Yahoo's value is overseas, not in dealings with Microsoft
LONDON (Reuters) - The fate of Yahoo Inc. has become intertwined in the public's imagination with the success or failure of its dealings with Microsoft Corp. in recent years.
That's despite the fact that as much as 70 percent of the value investors put on Yahoo's depressed shares are tied up in its international assets or cash holdings - factors that have nothing to do with Microsoft.
Yahoo's operations trade for just $5 to $6 per share out of its current $15 share price, once you exclude its Asian investments and the value of its cash. Its hidden assets in Japan and Chinese affiliates - Yahoo Japan Corp. and China's Alibaba Group - alone are worth around $6 to $7 per share.

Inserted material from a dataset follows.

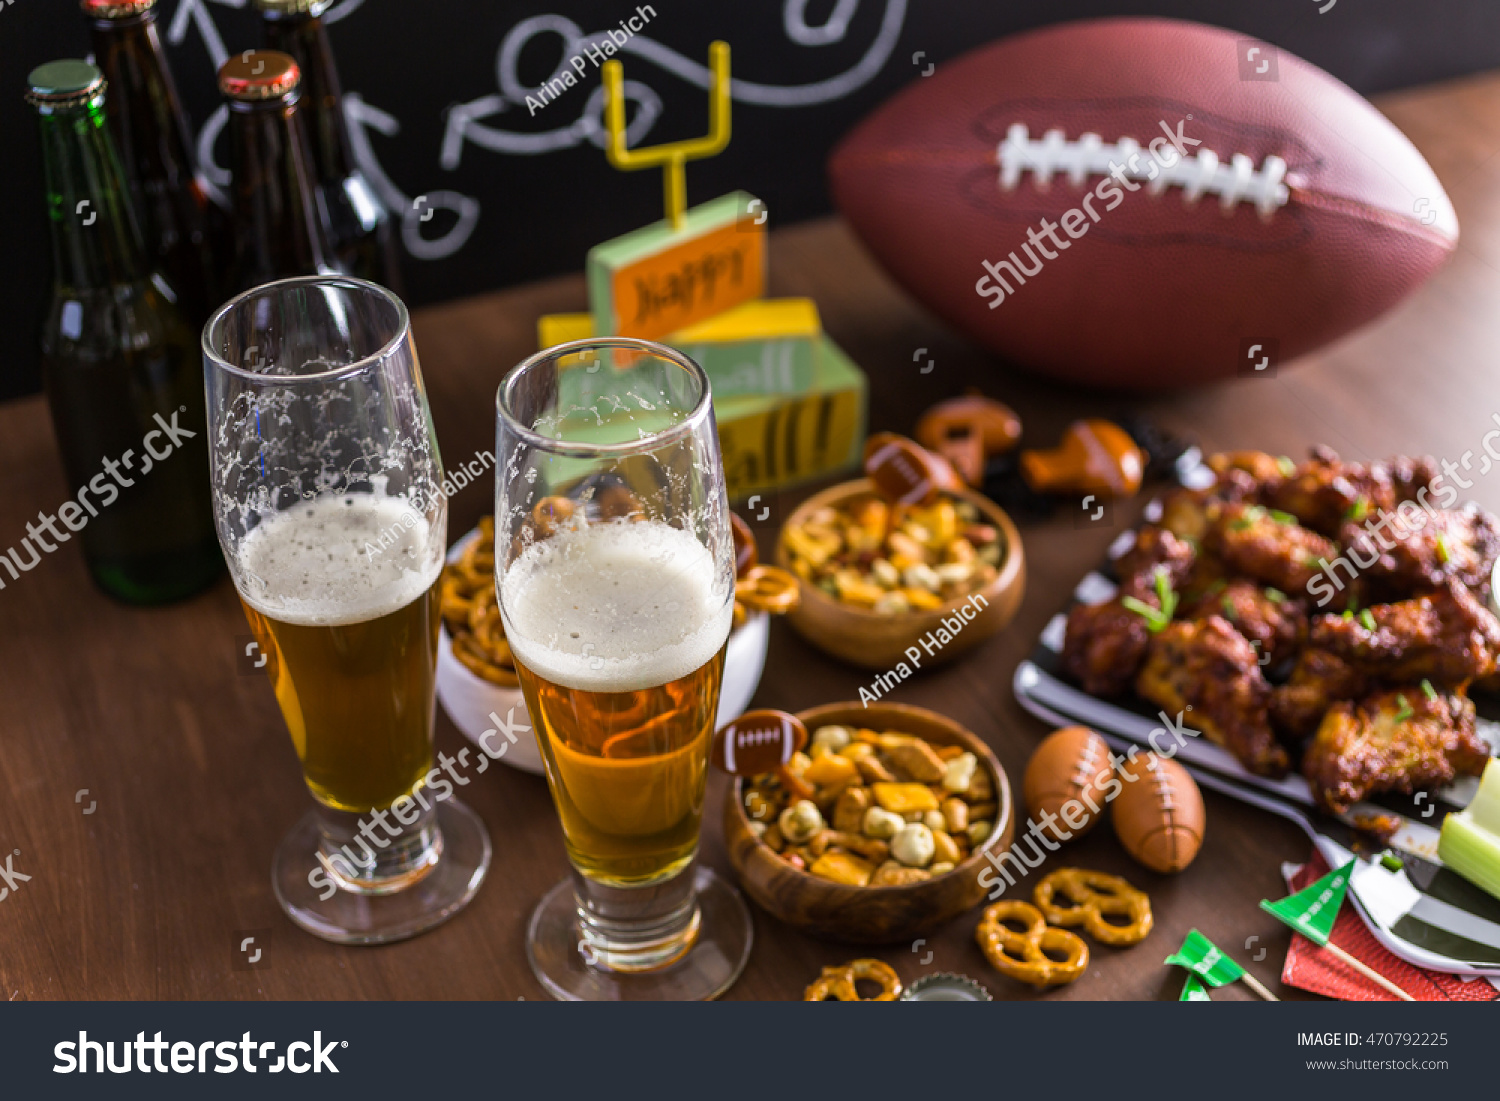 68,740 Alcohol american Images, Stock Photos & Vectors | Shutterstock

The trouble is that Yahoo needs to find a way to cash out of its increasingly rocky relationship with Alibaba Group, in which it holds a 39 percent stake after it pulled back from operating its own business in China in 2005.
Yahoo's best chance here may come next year if Alibaba succeeds with a second Initial Public Offering (IPO) of its Taobao.com consumer e-commerce site, building on the success of the 2007 IPO of Alibaba.com, now valued at more than US$13 billion on the Hong Kong exchange.
Truth be told, Yahoo's huge success in building the biggest US Internet media destination never translated very well overseas, despite the early foray into Asia that left it with lucrative assets in Japan and China. These passive investments came to substitute for a global operating strategy.
But that's changing now, as Yahoo once again has begun investing in international operations it can fully control.
In its latest such push, Yahoo said yesterday that it would buy Maktoob.com, the largest Internet media site for the Arab world, with an estimated 16.5 million users. Terms were not disclosed.
Yahoo's international stronghold is Asia, where it had 172 million unique users in the month of June, according to industry estimates. It is the top player in Japan through its stake in Softbank-controlled Yahoo Japan, and is dominant in Taiwan and Hong Kong as well.
In India, Yahoo has the most visited home page and is the most popular provider of e-mail, instant messaging and online news to consumers.
In a country mad on the sport, Yahoo operates the most popular site for cricket fans. Yahoo had 23 million unique monthly users in India in June, according to market researcher comScore.
But Yahoo stock gets little to no stock market credit for these international operations. Converting market share into meaningful financial results will take years. First, Yahoo must develop its patchwork of leading properties in places like the Philippines and Vietnam and Latin America into a global franchise. And it's hard to see how Yahoo can regain lost ground in Europe's more developed Internet markets.
Until now, the trap for Yahoo has been that much of its international value remains latent, locked up in investments in Japan and China rather than in operating businesses it controls. That is changing, slowly.
This leaves Yahoo at the mercy of an eventual rebound in US advertising markets. For the foreseeable future, any significant rebound in Yahoo's share price depends on conjecture over the still unknown potential of getting into bed with Microsoft.